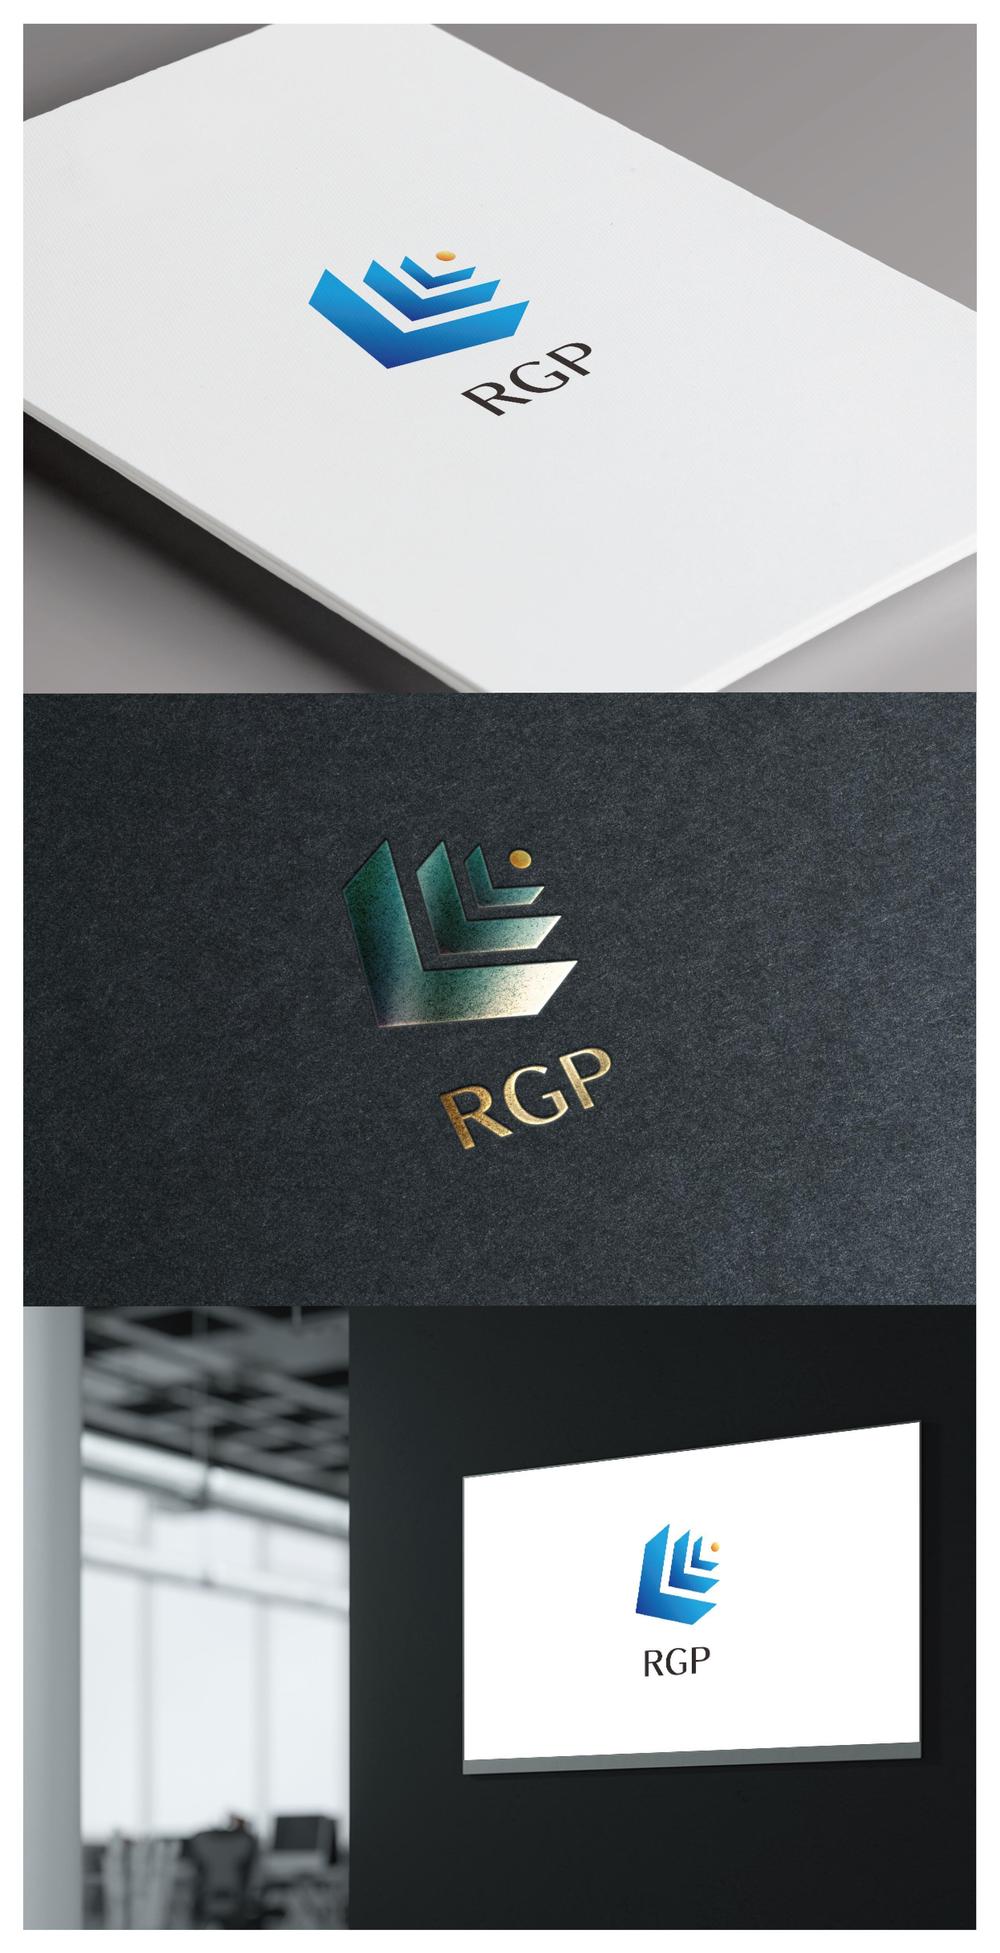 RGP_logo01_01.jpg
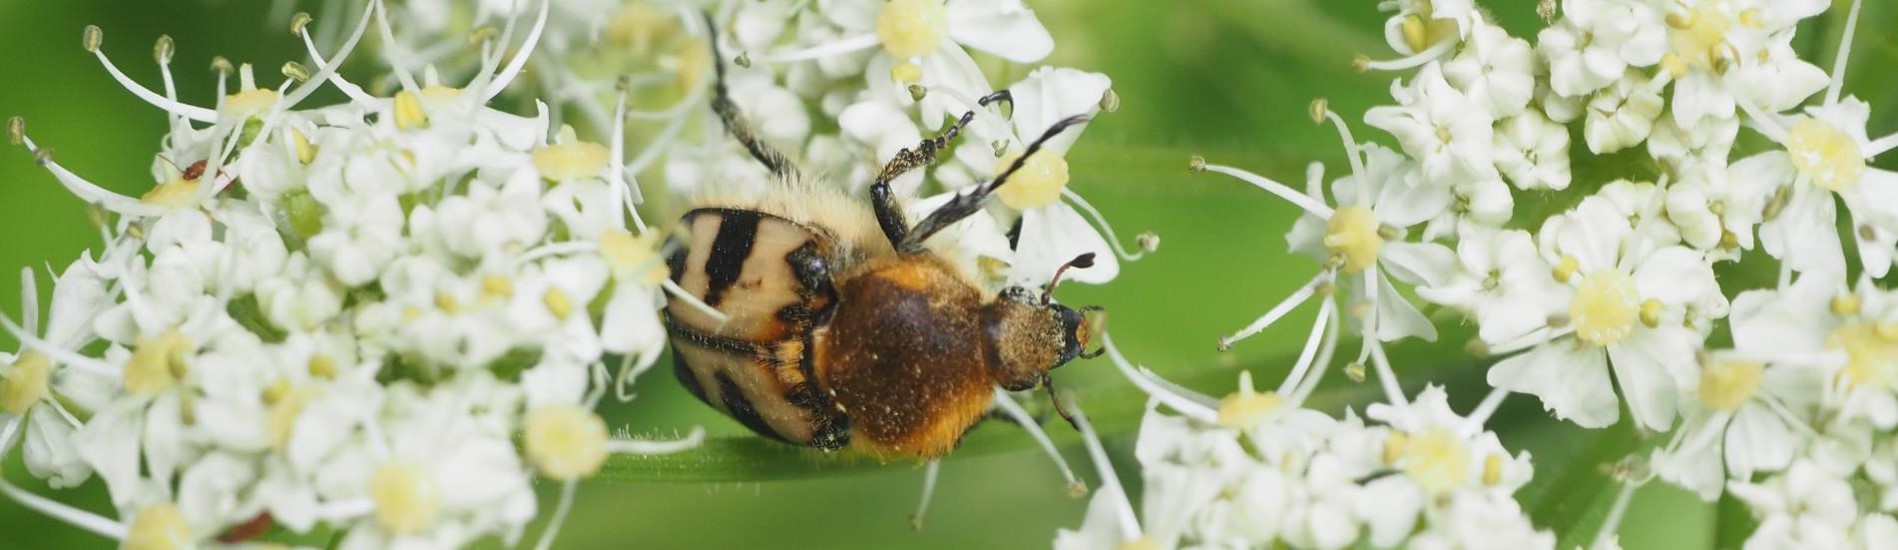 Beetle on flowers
+ + + + + + +
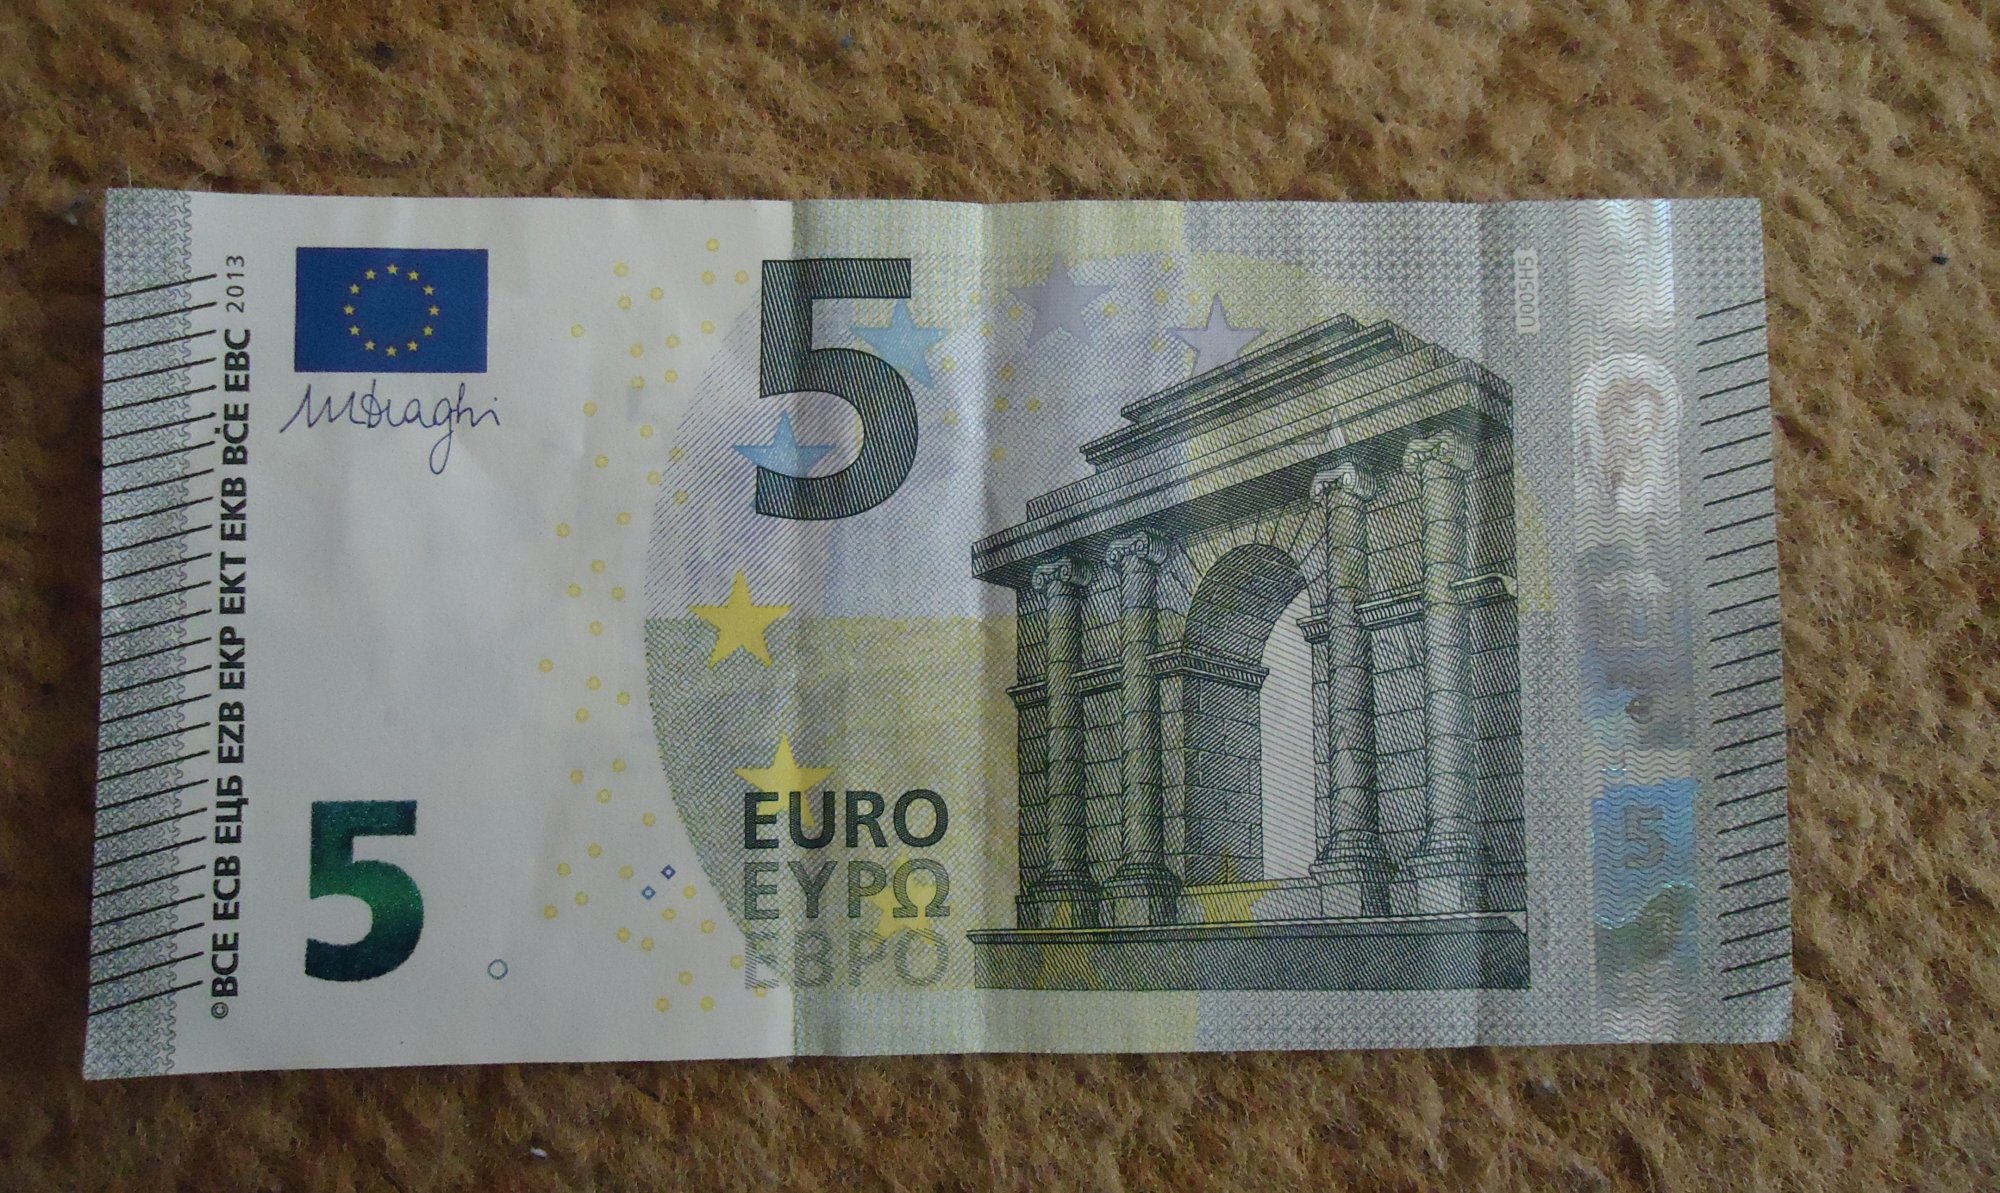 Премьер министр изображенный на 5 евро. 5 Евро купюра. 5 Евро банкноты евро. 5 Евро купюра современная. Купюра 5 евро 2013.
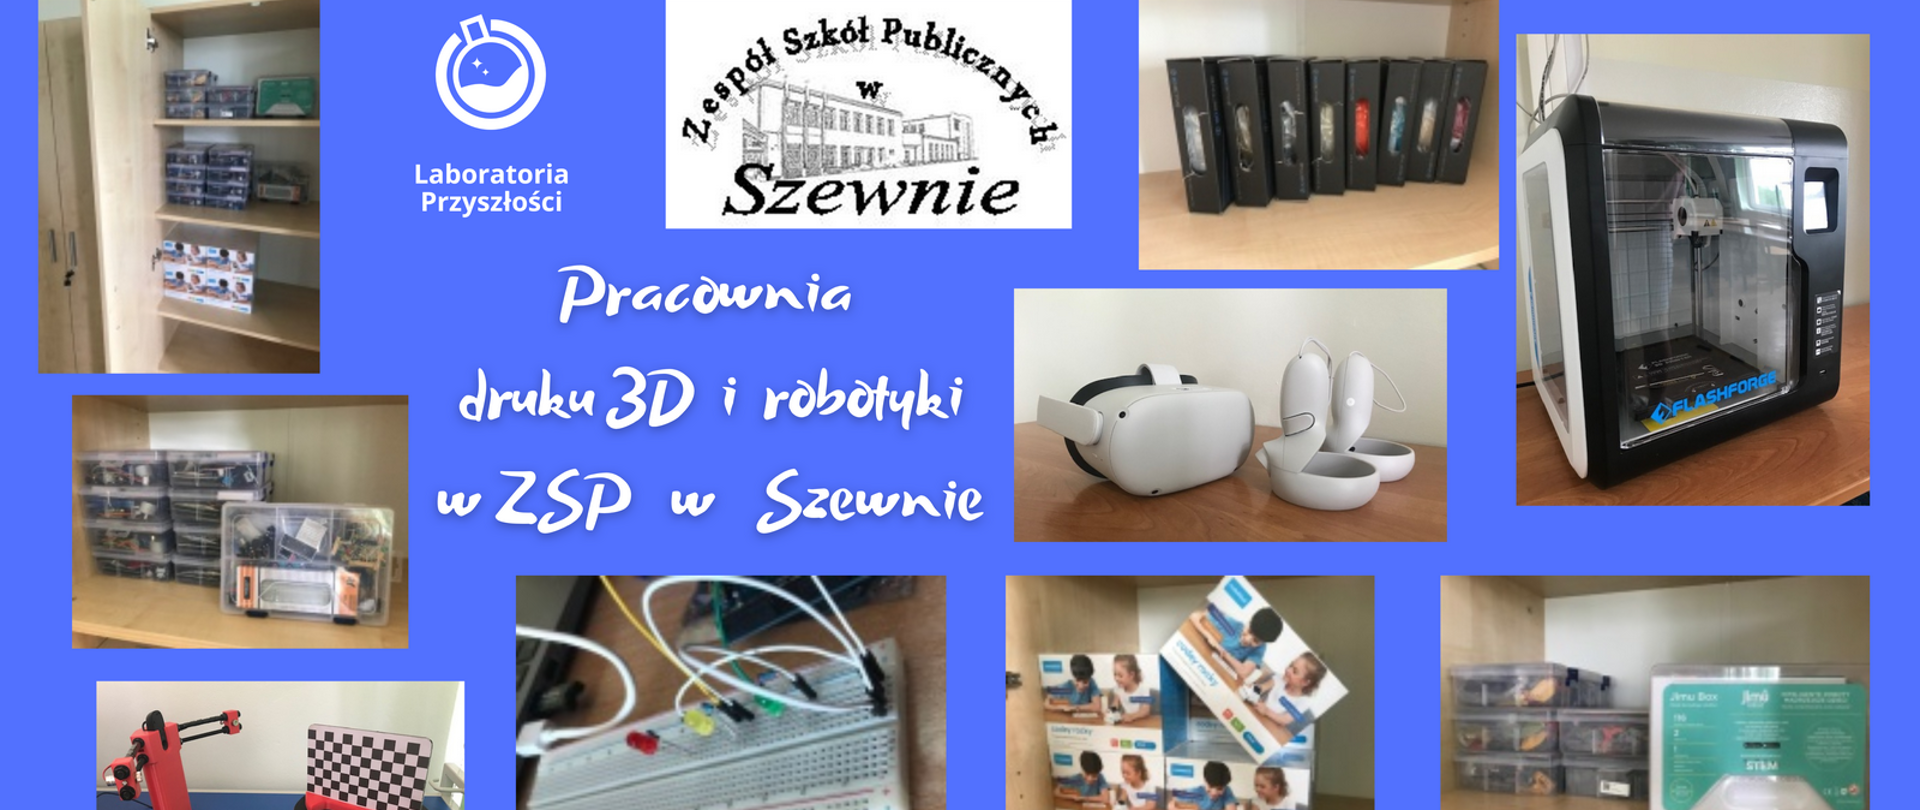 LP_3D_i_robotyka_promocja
+ + + + + + +
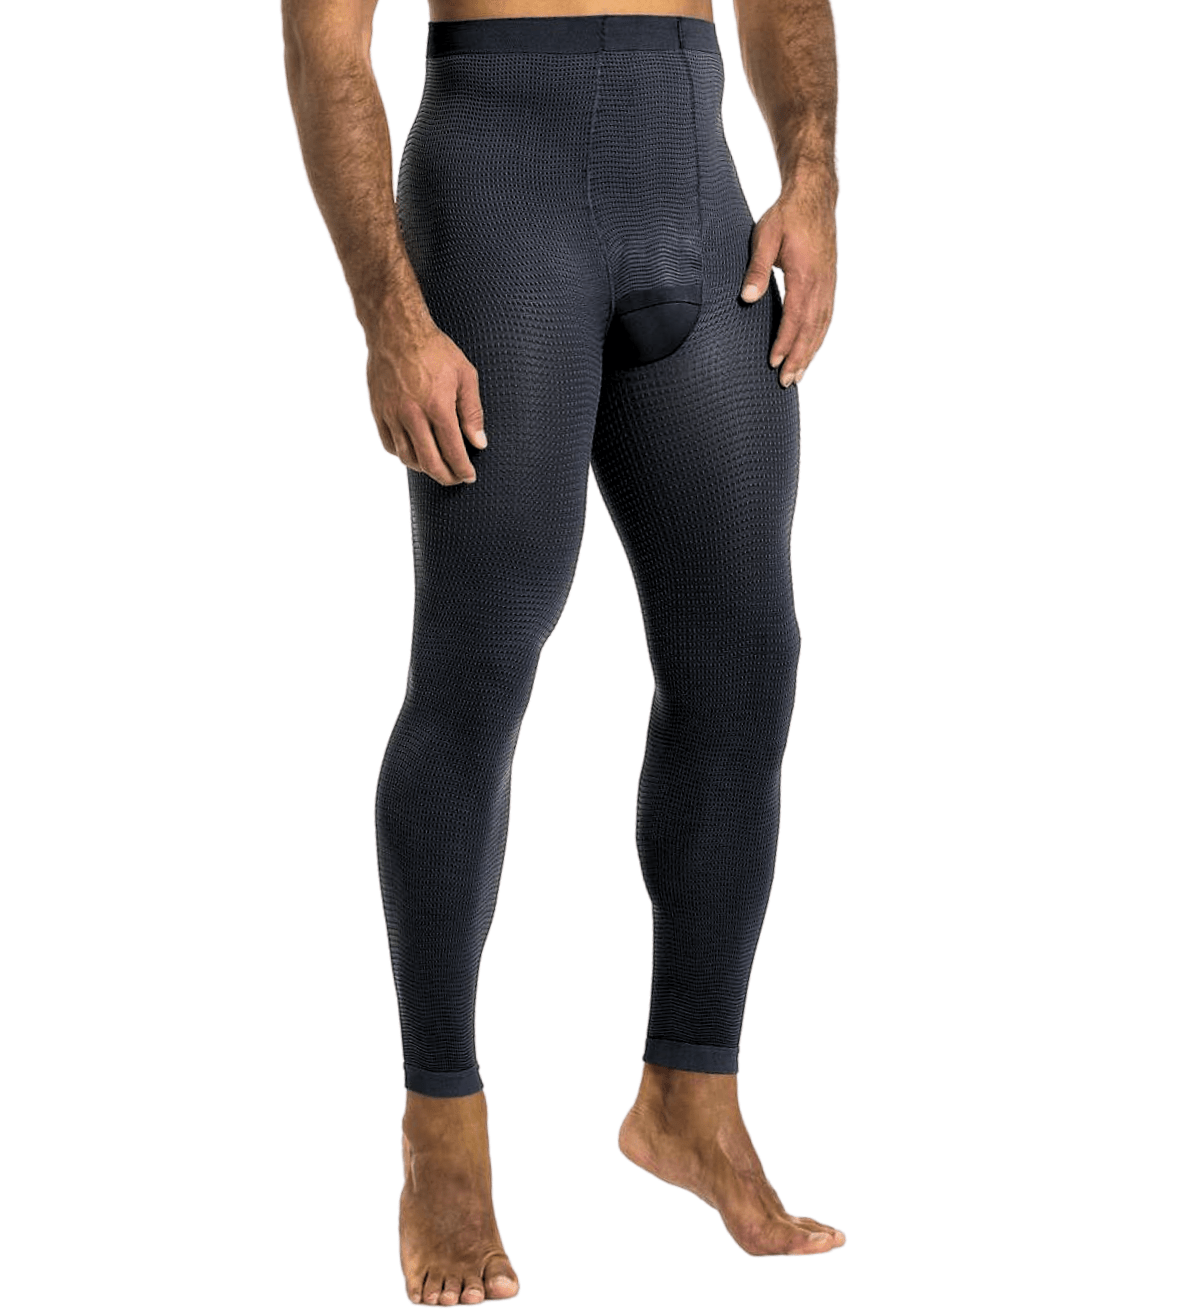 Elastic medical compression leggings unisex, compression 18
+ + + + + + +
Exercise requirements
In the records above, find the line with "Премьер министр изображенный" and the line with "LP_3D_i_robotyka_promocja", then restate word for word only those two lines and all lines between, omitting pictures.

Solution to this exercise
 Премьер министр изображенный на 5 евро. 5 Евро купюра. 5 Евро банкноты евро. 5 Евро купюра современная. Купюра 5 евро 2013.
 LP_3D_i_robotyka_promocja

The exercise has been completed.